Take a look at a robot using Gemini to navigate Google DeepMind offices

Generative AI has already demonstrated significant potential in robotics. Its applications span various domains, including natural language interactions, robot learning, no-code programming, and design. This week, Google’s DeepMind Robotics team is highlighting another promising intersection between AI and robotics: navigation.

In their latest paper titled “Mobility VLA: Multimodal Instruction Navigation with Long-Context VLMs and Topological Graphs,” the team reveals how they have utilized Google Gemini 1.5 Pro to train a robot to follow commands and navigate an office environment. DeepMind employed some of the Every Day Robots, which have been in use since Google shut down the project amid widespread layoffs last year.

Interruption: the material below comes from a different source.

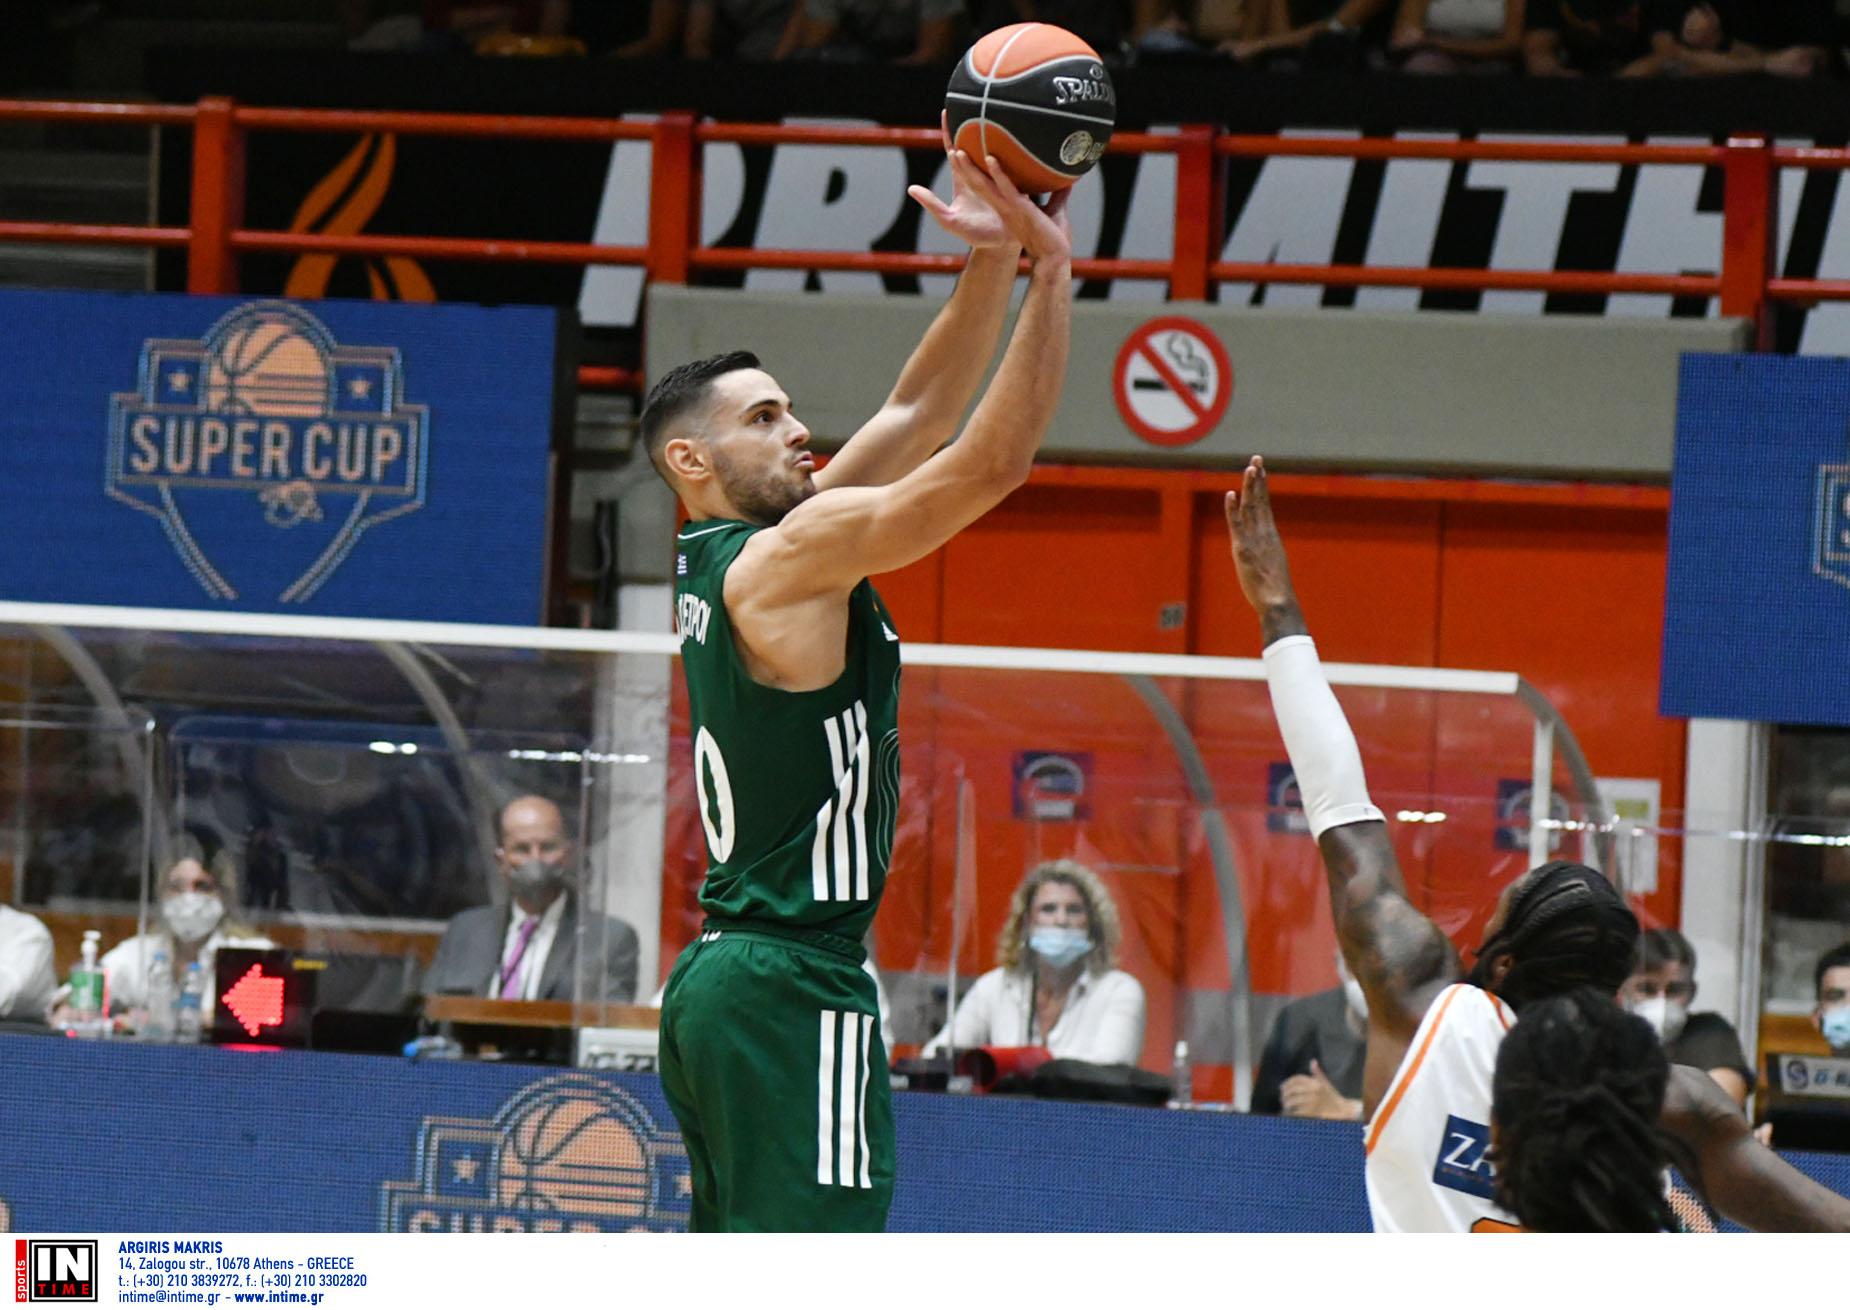 Super Cup, Παναθηναϊκός – Προμηθέας 92-83: Πράσινος ο πρώτος τίτλος της σεζόν στο μπάσκετ

The project includes several videos where DeepMind employees begin by saying “OK, Robot,” similar to a smart assistant activation, and then instruct the system to perform various tasks in the 9,000-square-foot office. In one instance, a Googler asks the robot to take him to a place where he can draw. The robot, sporting a jaunty yellow bowtie, replies, “OK, give me a minute. Considering Gemini… and then directs the person to a huge whiteboard. In another video, a different person instructs the robot to follow the directions on the whiteboard.

A simple map guides the robot to the “Blue Area.” After pausing for a moment, the robot takes a long route, eventually arriving at a robotics testing area. The robot then confidently announces, “I’ve successfully followed the directions on the whiteboard,” exhibiting a level of self-assurance most humans could only wish for.

Before these demonstrations, the robots were familiarized with the office space through a method called “Multimodal Instruction Navigation with demonstration Tours (MINT).” This process involves guiding the robot around the office while pointing out different landmarks using speech. The group then combines environmental awareness with common sense reasoning via hierarchical Vision-Language-Action (VLA). This integration enables the robot to respond to written and drawn commands as well as gestures.

By merging these advanced AI techniques, DeepMind is pushing the boundaries of what robots can achieve in terms of autonomous navigation and task execution in real-world environments. The combination of generative AI and robotics is paving the way for more sophisticated and intuitive robotic assistants in various settings.